> [Task directions] Reproduce exactly, and solely, the lines running from the top of the data below through the line with "У Раду подали", both inclusive. Omit pictures.

> [Provided material]
╔══

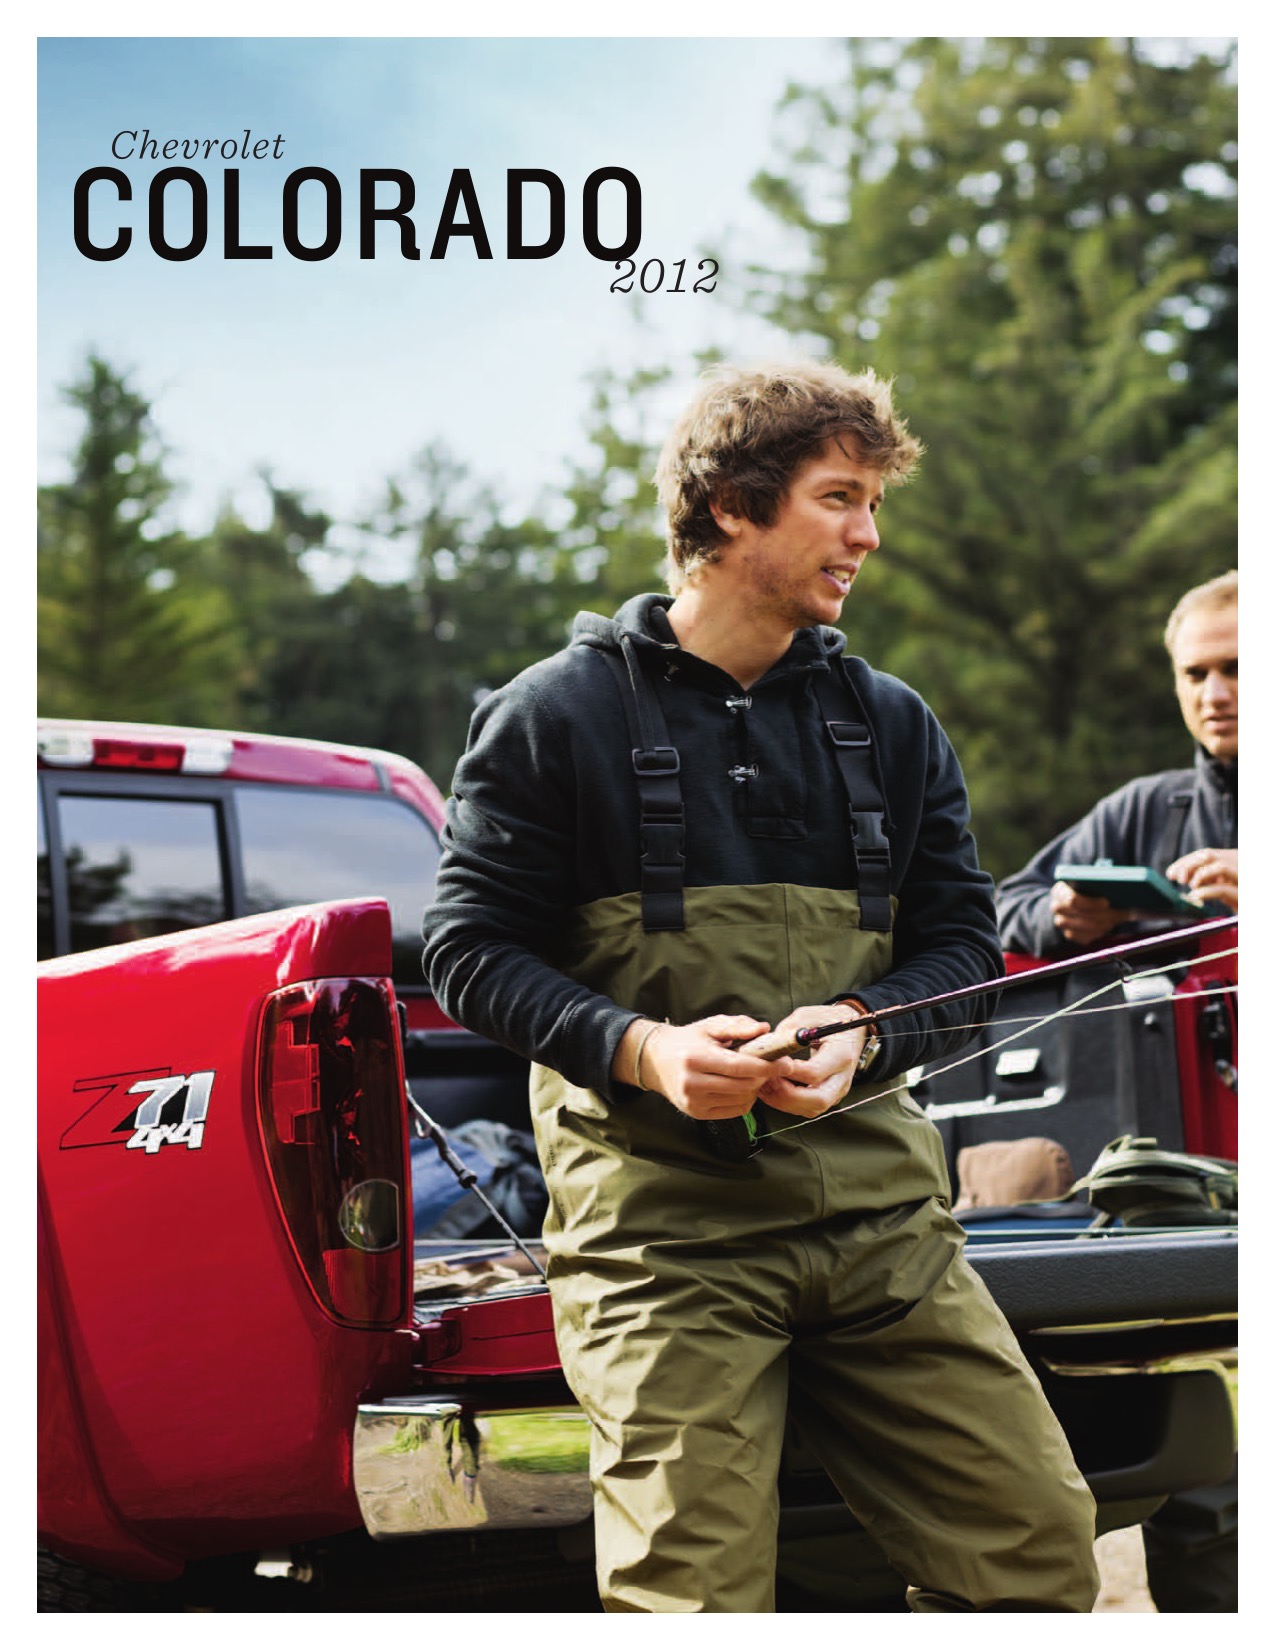 2012 Chevrolet Colorado Brochure
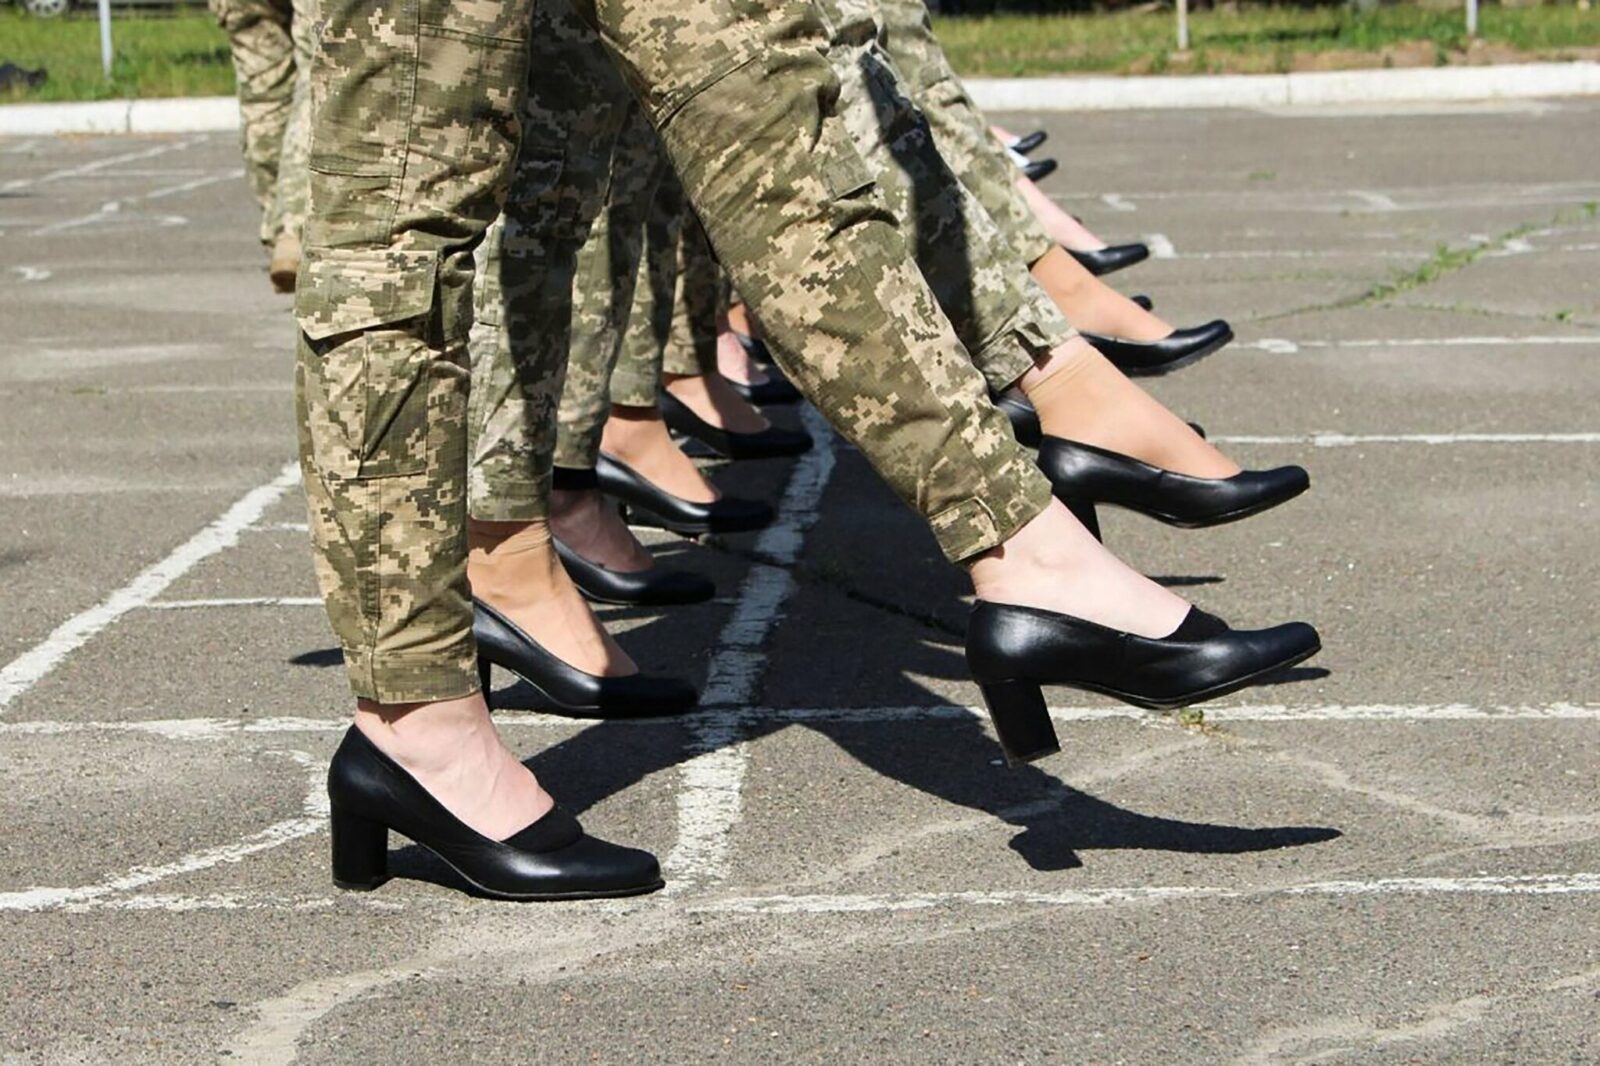 У Раду подали законопроєкт про скасування військового обліку для жінок
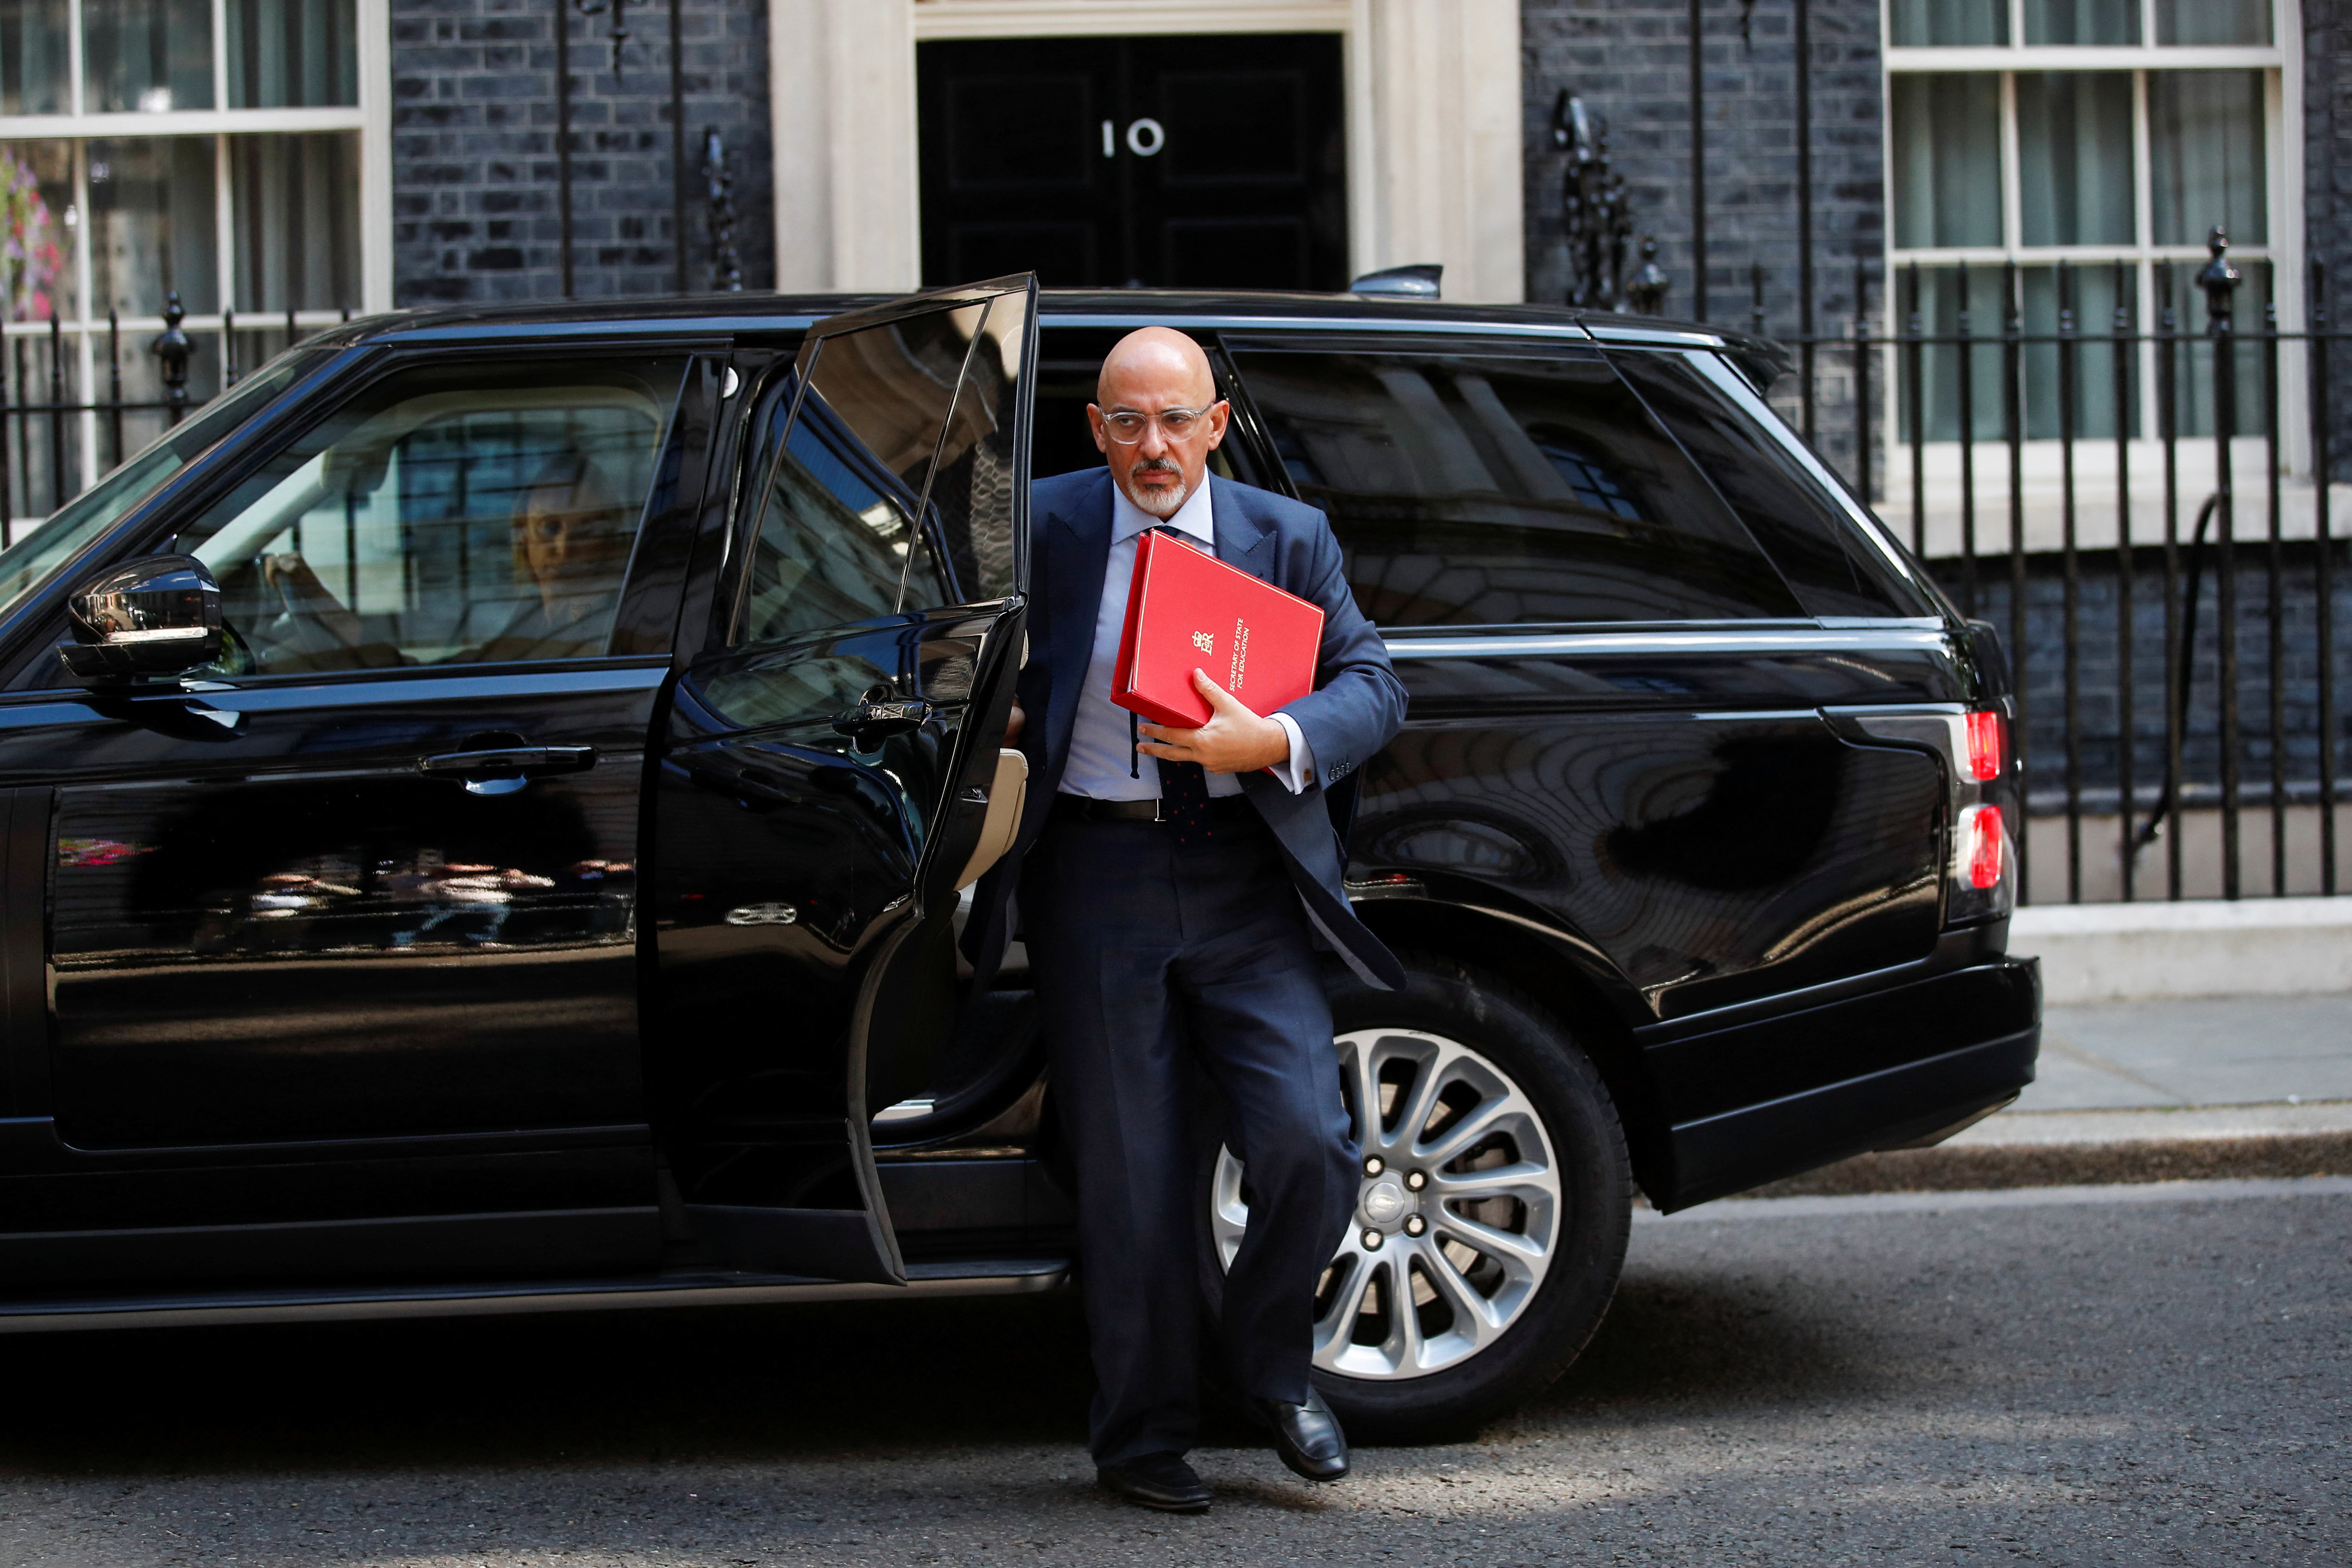 El ex secretario de Educación británico, ahora a cargo de la cartera de Economía, Nadhim Zahawi, llega antes de una reunión semanal del gabinete en el número 10 de Downing Street, en Londres, Gran Bretaña, el 5 de julio de 2022.. REUTERS/Peter Nicholls
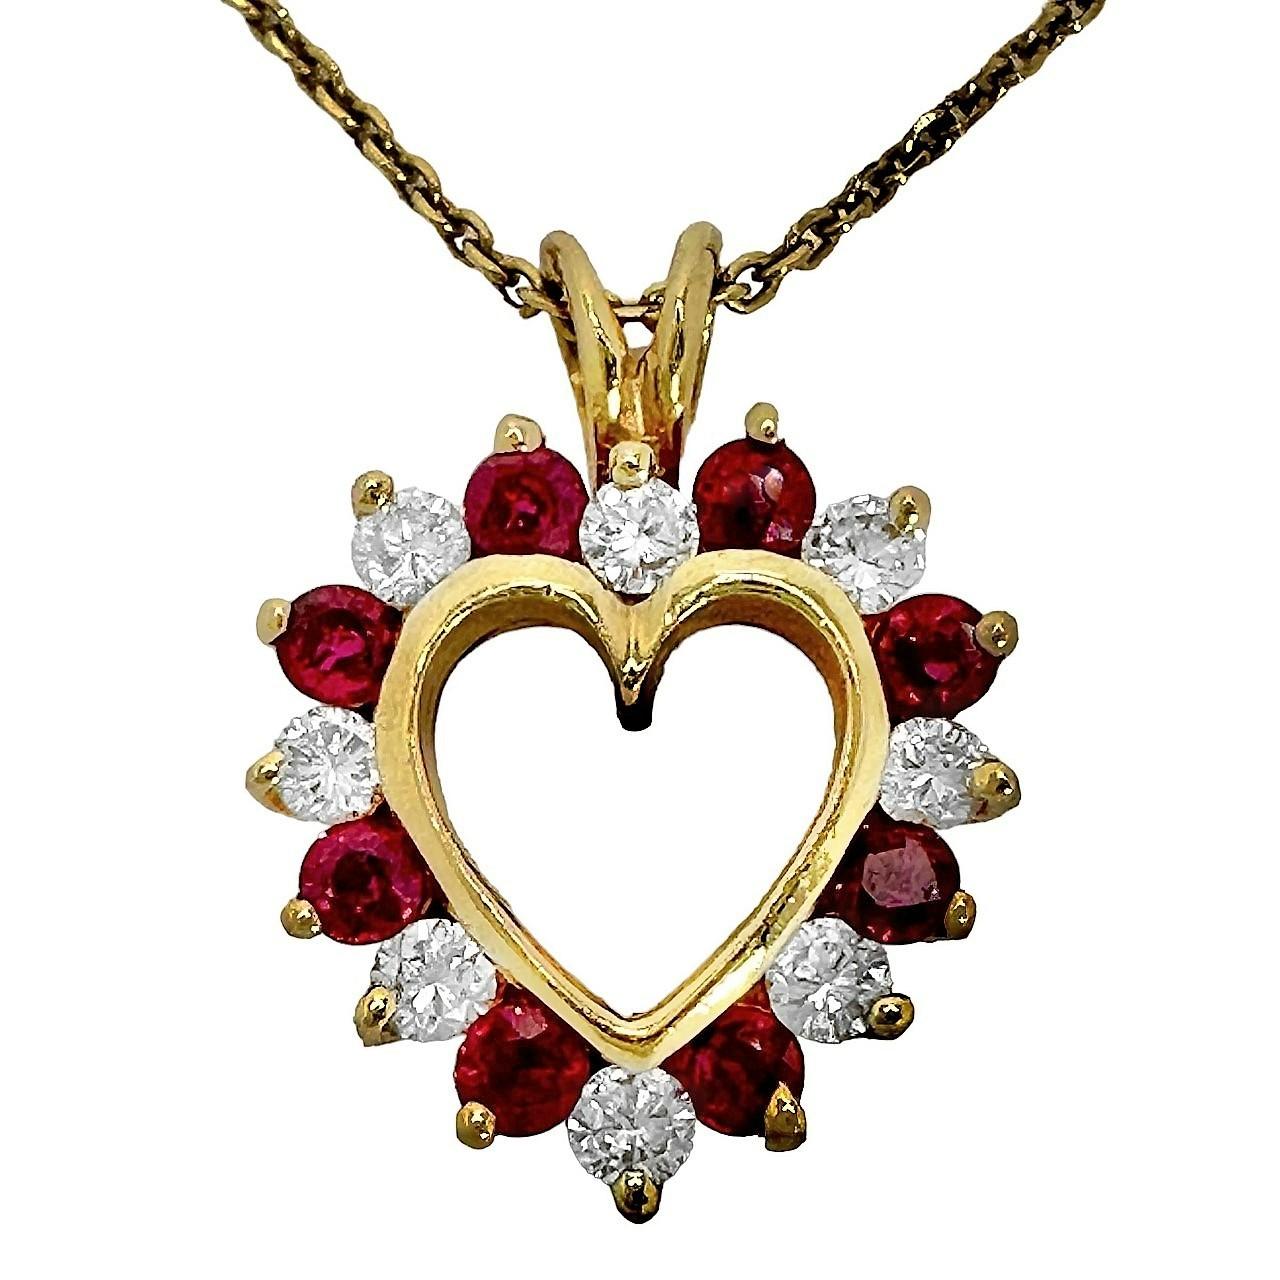  Petit pendentif moderne en forme de cœur en or avec rubis et diamants

╚══

> [Reply]
 2012 Chevrolet Colorado Brochure
 У Раду подали законопроєкт про скасування військового обліку для жінок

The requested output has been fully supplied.